Toyota Hilux hydrogen fuel-cell prototype

Toyota Hilux hydrogen fuel-cell prototype

If Toyota makes a fuel-cell truck, Sackett suggested to Green Car Reports, it would be one oriented toward those who frequently tow or truly use the capability of the truck—and charging and towing simply don’t work together, he said. And its Tundra customers tow frequently. 

In short, Sackett summed, it’s a matter of time and consistency—and energy density. You can get a 20-minute refuel of hydrogen, good for hundreds of miles even when towing. But charging the kind of battery needed for that kind of range remains a serious hurdle today. 

Responding to several prompts about how this might be put to use in the real world, Sackett made no confirmation that plug-in capability was something the company was seriously considering. Yet Sackett pointed to the semi project and its bigger battery buffer as a template for what works in a predictable commercial or fleet situation, where fueling stations are established.

Perhaps that would be around one of the hydrogen hubs that are set to be federally funded with $8 billion.

Hydrogen fueling at Toyota H2HQ

Hydrogen fueling at Toyota H2HQ

Still the same hydrogen fueling challenges

This also more closely aligns with other formulas used in the industry—such as that of the Nikola Tre, which packs 200 kw of fuel-cell power modules with 164 kwh of battery energy. Nikola this week announced its second HYLA fueling station in California, near the Port of Long Beach. It’s due to create 60 hydrogen stations by 2026, aided by incentives. 

The port itself is the home of Toyota’s Tri-Gen facility, which takes Toyota’s biggest U.S. port off the grid, generating 2.3 megawatts of electricity daily from natural gas made renewable through credits via methane generated at Orange County Sanitation. It also generates up to 1,200 kg of hydrogen per day—to be used for fueling hydrogen vehicles—along with 1,400 gallons of water per day that can be used to wash vehicles arriving at port. 

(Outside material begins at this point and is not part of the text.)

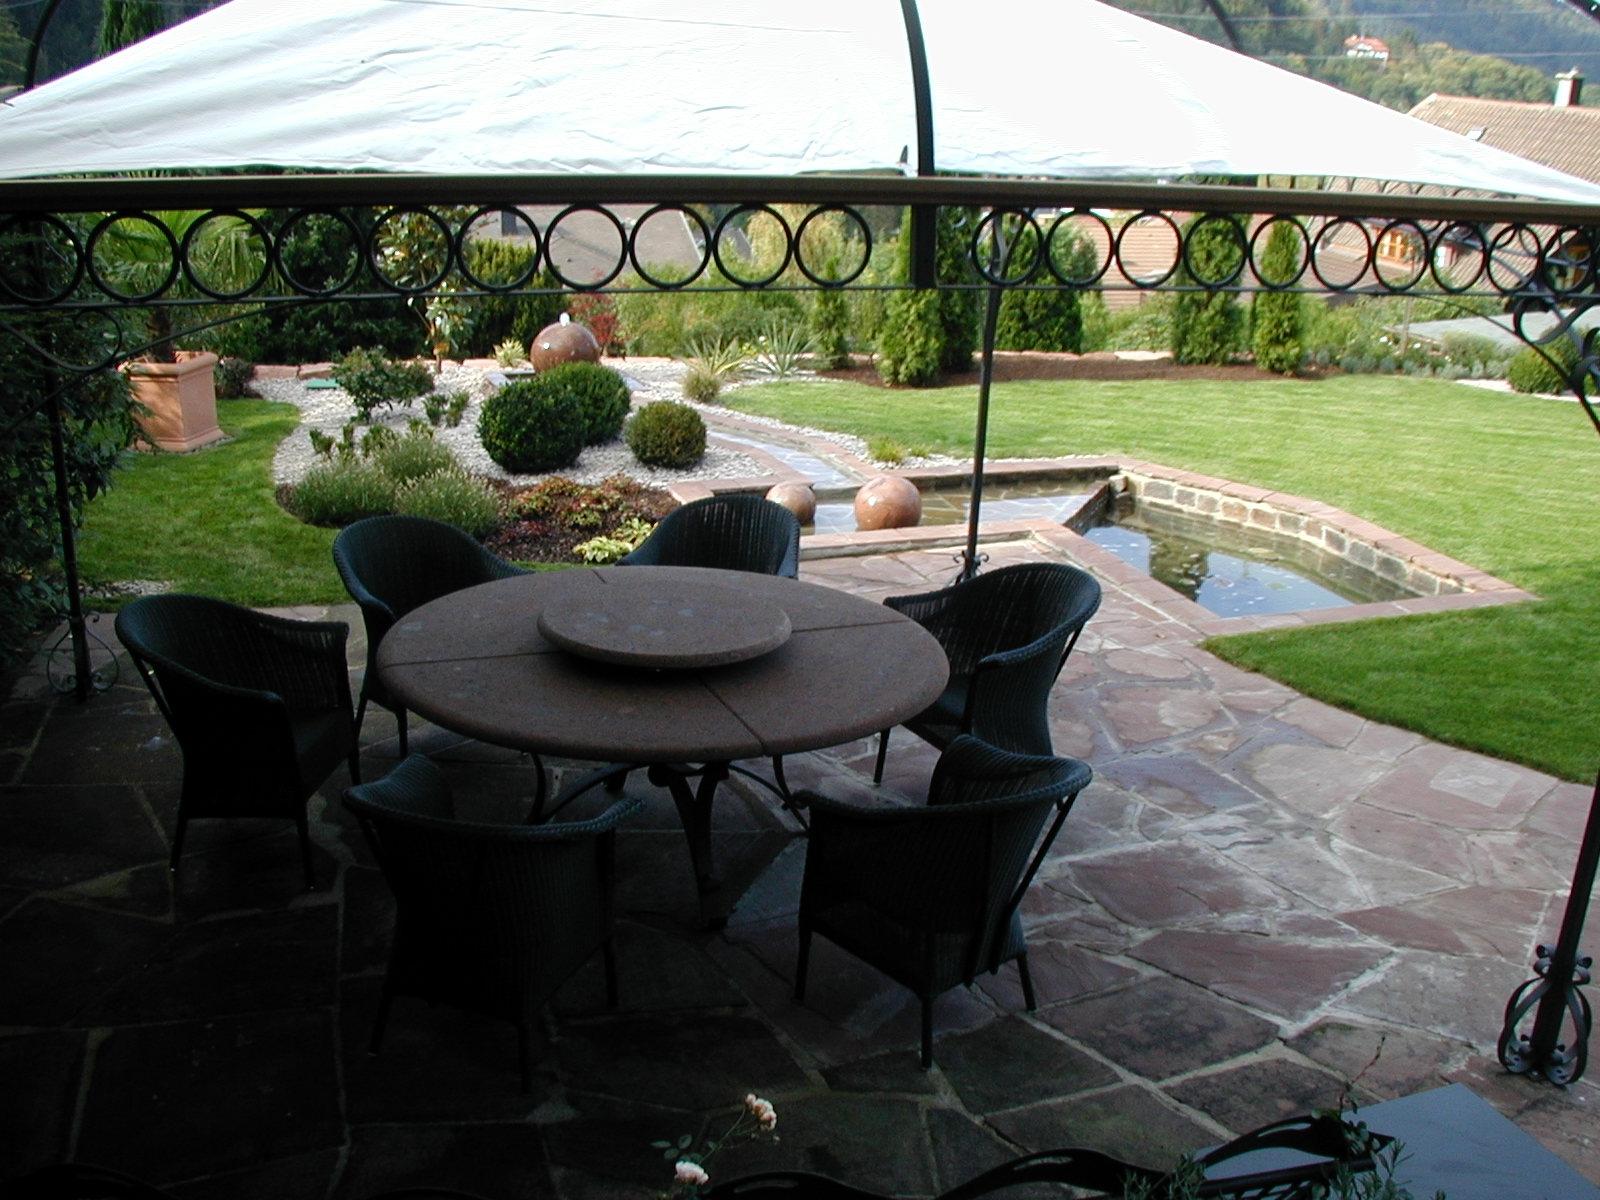 cb gardens gmbh in baden baden anfrage stellen. Black Bedroom Furniture Sets. Home Design Ideas

While the carbon portion of the calculation requires a litany of hypotheticals and what-ifs, what does or doesn’t come out of such fuel-cell solutions, as semis or pickups, is far more straightforward. If it’s covering solutions that don’t yet practically work with batteries alone, with a solution that is rid of the smog-forming emissions and particulates of diesel exhaust, why not?